Rich’s flight to Switzerland in 1983 didn’t stop him from financing
companies in the U.S., among them Novarco, a White Plains (N.Y.)
commodities-trading business he established in 1997. He sold its oil
contracts in 2002 to Richmond (Va.)-based Dominion Resources Inc. (D ),
according to company reports.
Many of the Rich Boys’ tactics may be hyperaggressive, but they’re
perfectly legal. One way they do business: exploiting opportunity in
Eastern European or Third World countries in dire need of funding. Rich
taught his disciples — called Lehrlings, German for apprentices — to
lend cash-strapped companies money and get the right to buy their
commodities, industry experts say. Last year, for example, Glencore
loaned $40 million to Peru’s second-largest zinc miner, Volcan Compañia
Minera. Volcan agreed to sell zinc and other minerals to Glencore from
2004 to 2010.
At times, some Rich boys apparently use front companies — opaque
holding entities — to disguise deals. According to Senate documents,
they have set up fronts with innocuous names such as Rescor Inc. or
Plasco Shipping. Based in tax havens with strong banking secrecy such
as Panama, Liechtenstein, and Gibraltar, they come and go like
flickering harbor lights once a deal is done.

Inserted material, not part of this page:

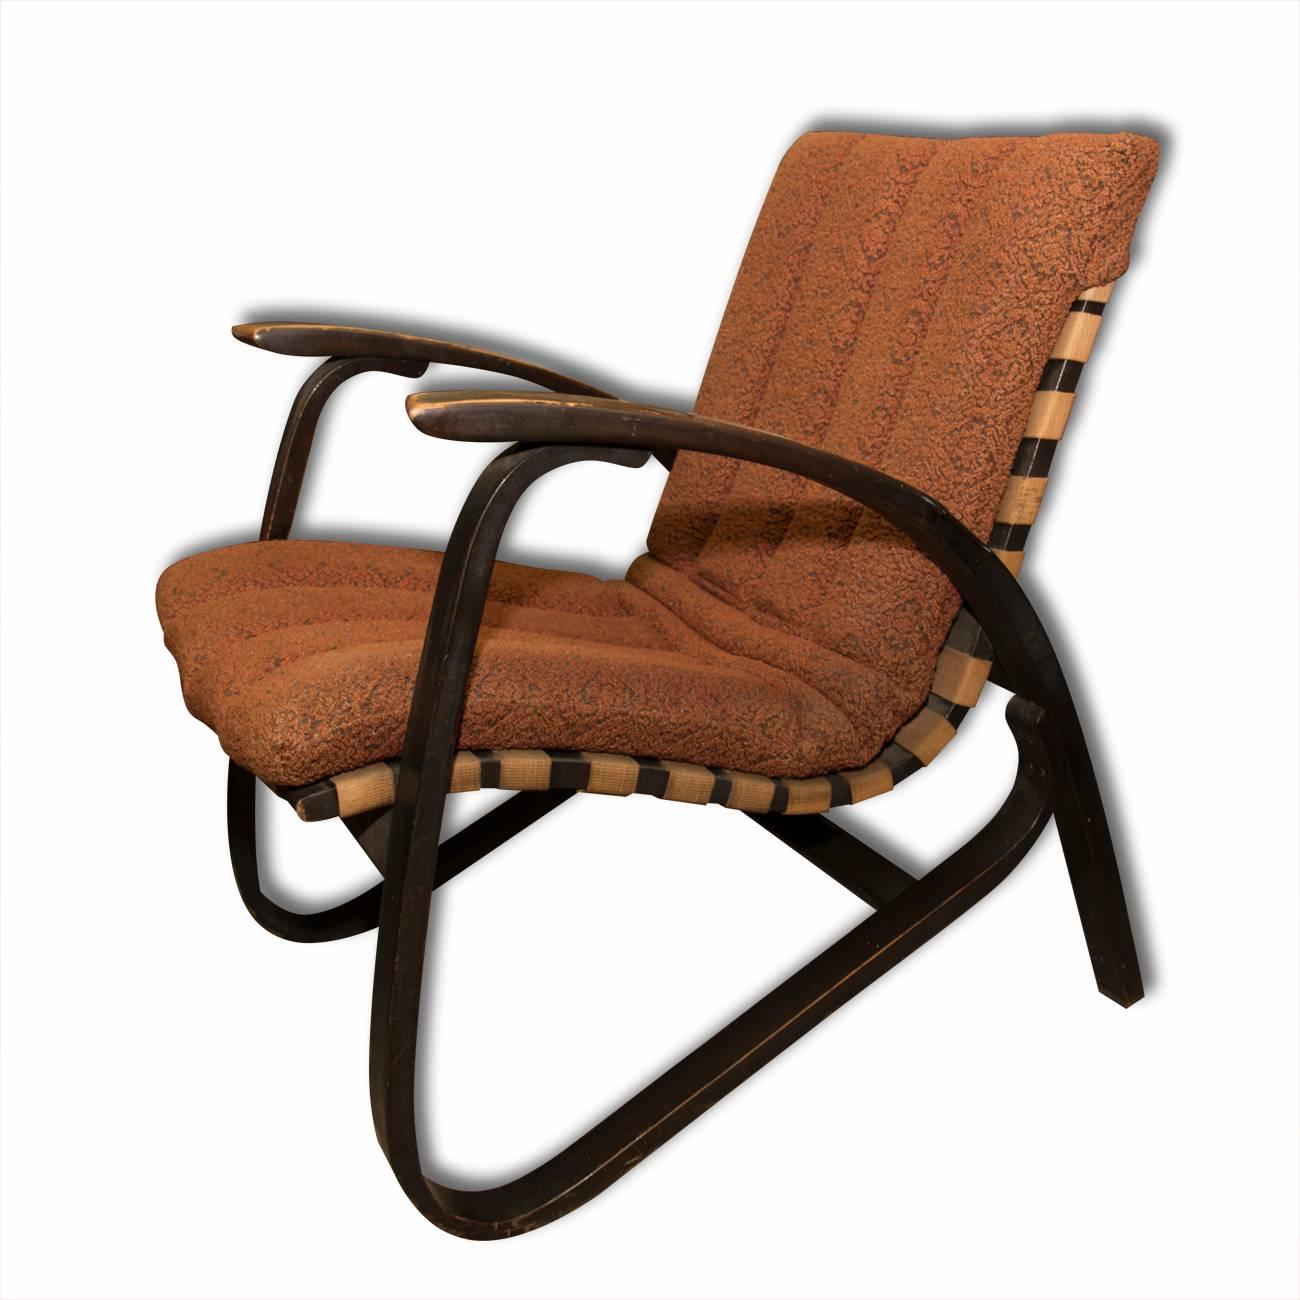 Art Deco Pair of Bentwood Armchairs with Woven Straps by Jan Vanek for UP Zavody, 1930s

David Chalmers found such companies useful in trading Iraqi crude
during sanctions, according to the Senate subcommittee on permanent
investigations. It alleged he routinely used a company called Italtech
to do business in Iraq. The submarine-engine outfit was started in the
late ’80s by Chilean-Italian arms dealer Augusto Giangrandi, who headed
the Bermuda subsidiary of Chalmers’ Bayoil. Italtech opportunistically
morphed into an oil trader in 1999. Chalmers’ lawyer, Bart Dalton, says
Italtech “was not a front company.”
Ben Pollner, law enforcement officials believe, was behind Fenar
Petroleum and Alcon Petroleum, registered in Liechtenstein in 1999,
according to corporate registry documents. They were among the largest
oil purchasers during Oil-for-Food, together exporting $2.47 billion
worth of crude, according to a report by the U.N. Independent Inquiry
Committee, chaired by former Federal Reserve Chairman Paul A. Volcker.
Investigators allege they paid tens of millions in illegal surcharges.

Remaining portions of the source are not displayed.